Content starts
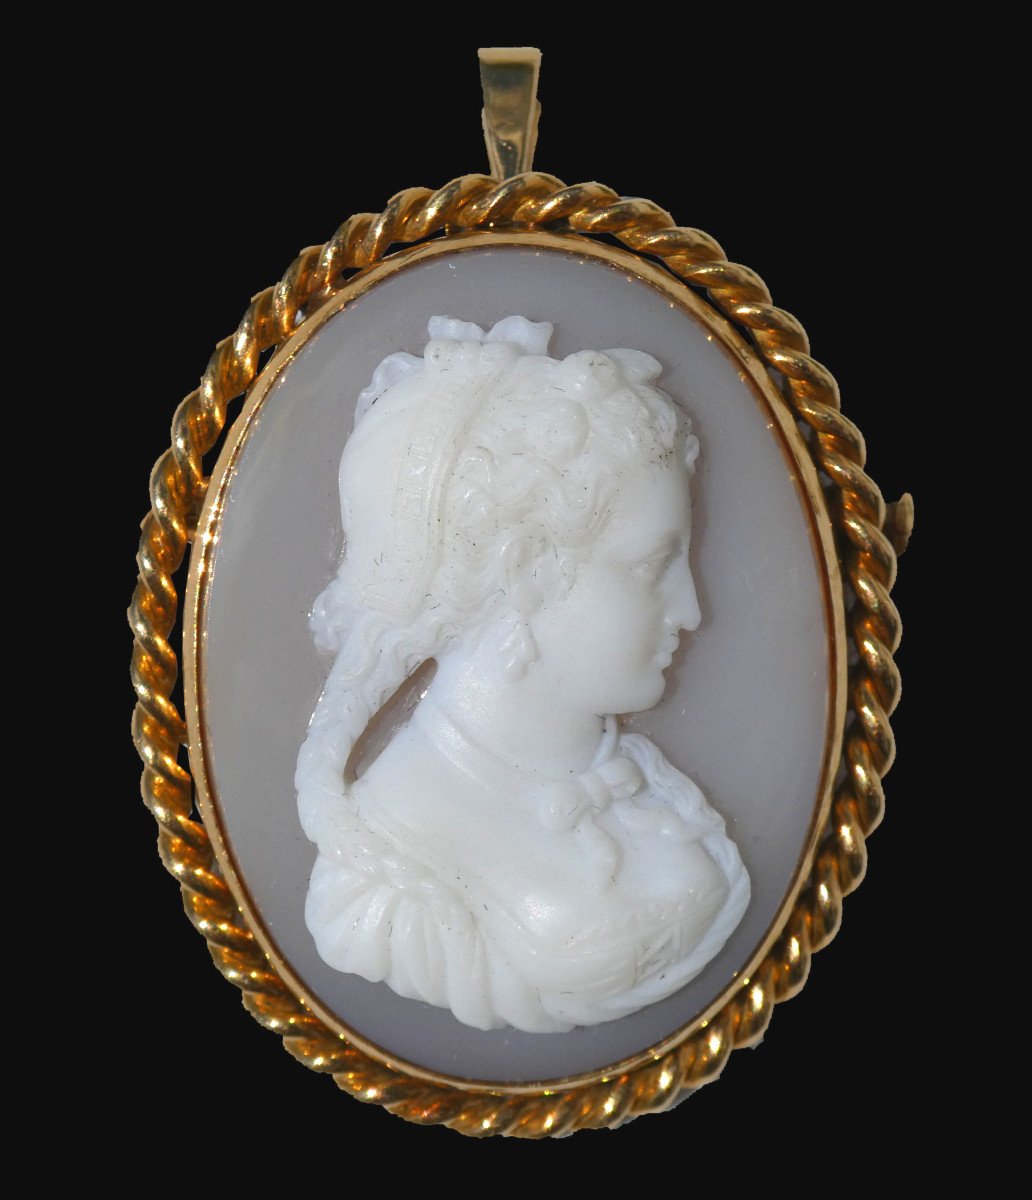 Cameo In Agate Napoleon III Period, Brooch & Pendant, Profile Of Young Woman 1860 Gold Mount
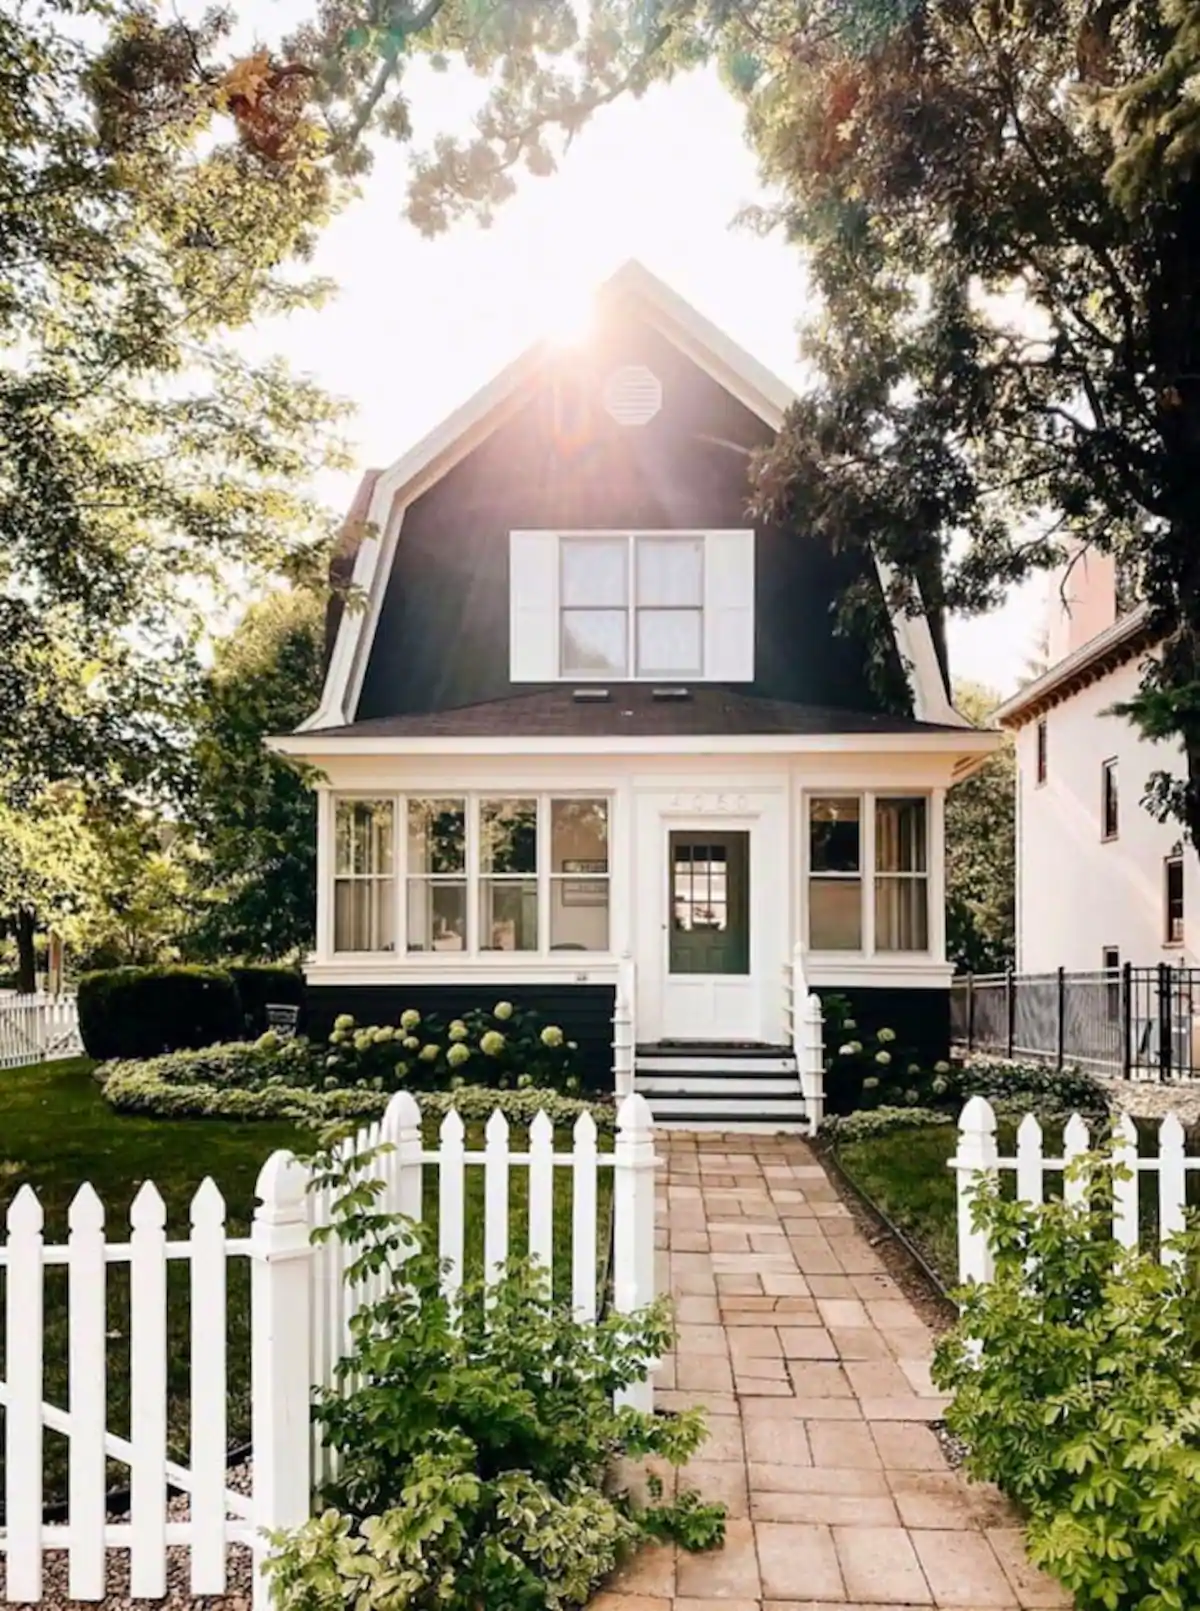 Sun peeking over the roof of a charming Airbnb in Minneapolis with dark exterior, white picket fence in front of it with charming walkway.
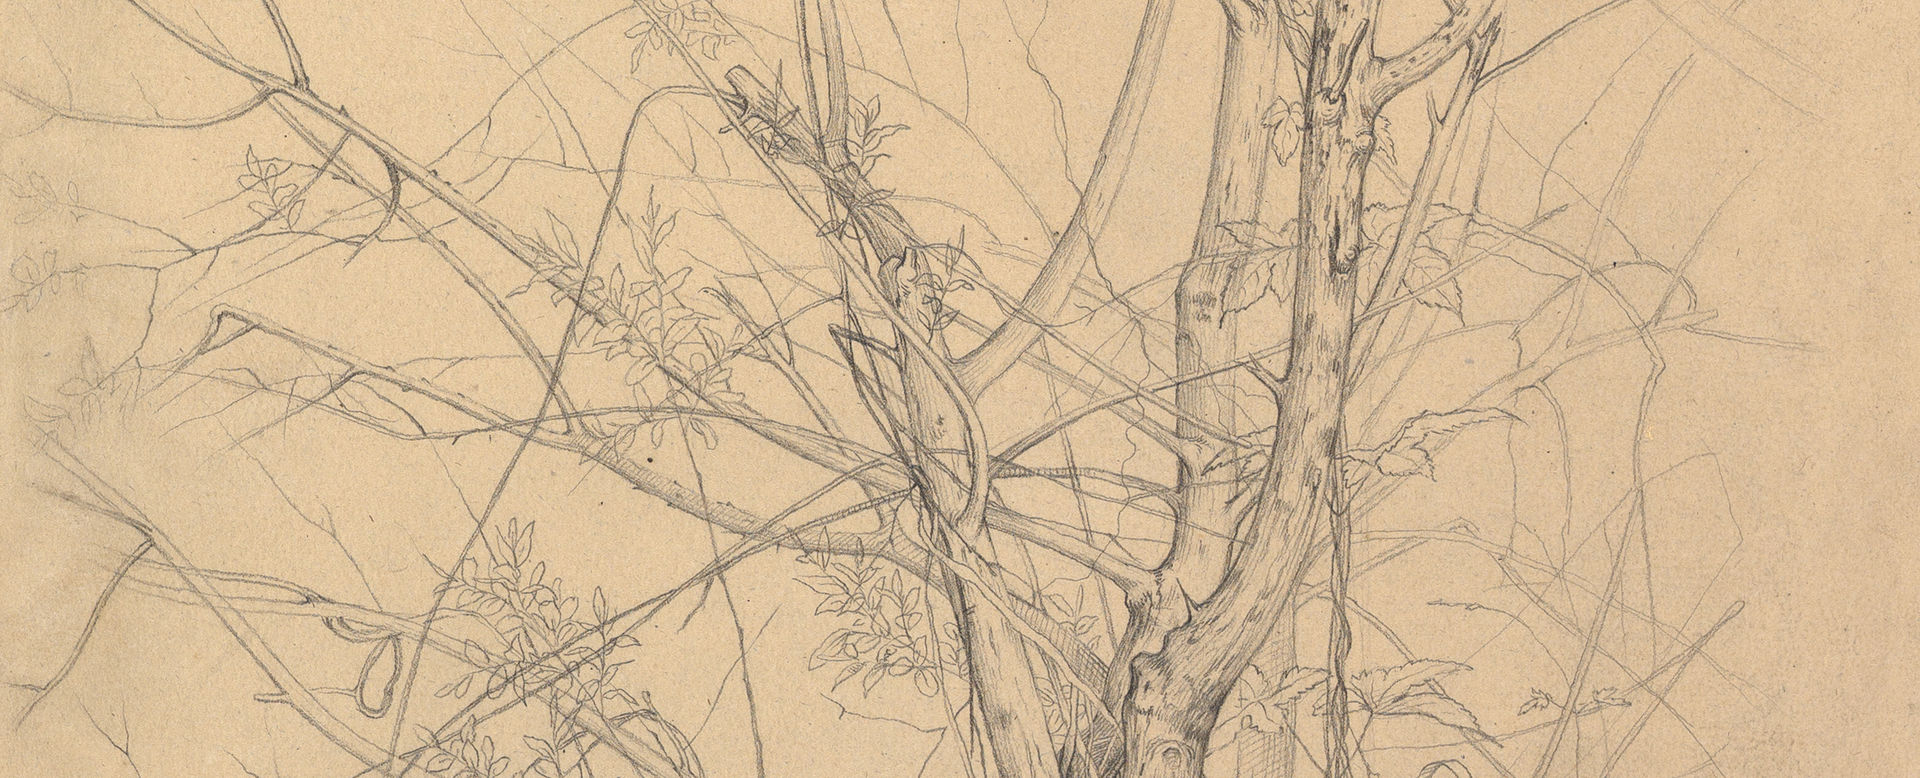 beautiful pencil sketches of trees
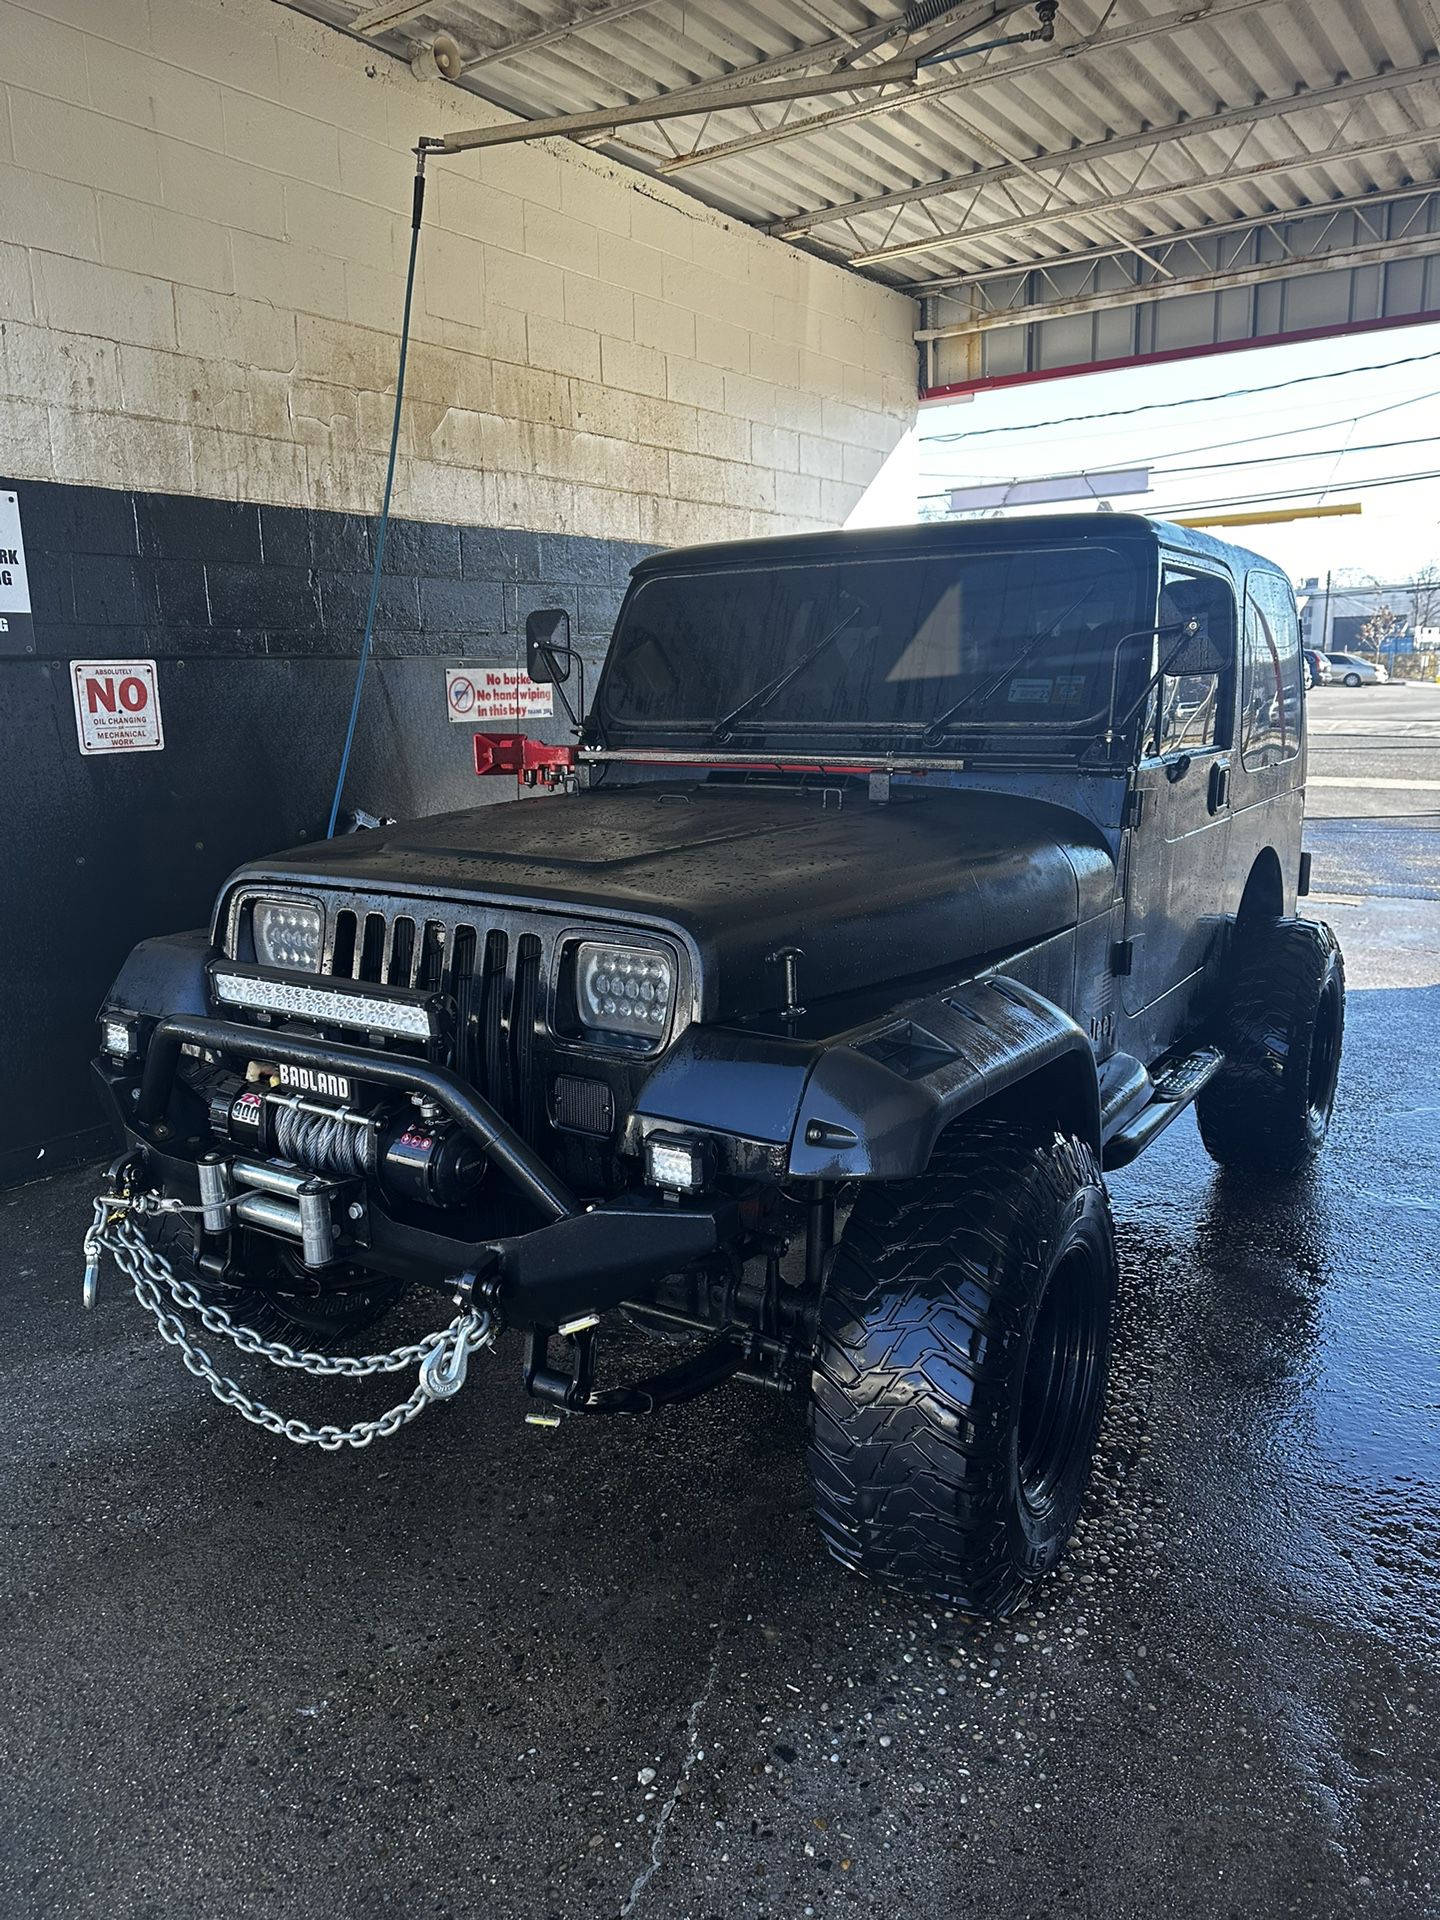 1991 Jeep Wrangler for Sale in Commack, NY - OfferUp
Content ends
▸ **To do**:
Nothing should appear in the answer except the lines from the one containing "Sun peeking over" through the last line of the listing, given again exactly and with no pictures.

▸ **Reply**:
 Sun peeking over the roof of a charming Airbnb in Minneapolis with dark exterior, white picket fence in front of it with charming walkway.
 beautiful pencil sketches of trees
 1991 Jeep Wrangler for Sale in Commack, NY - OfferUp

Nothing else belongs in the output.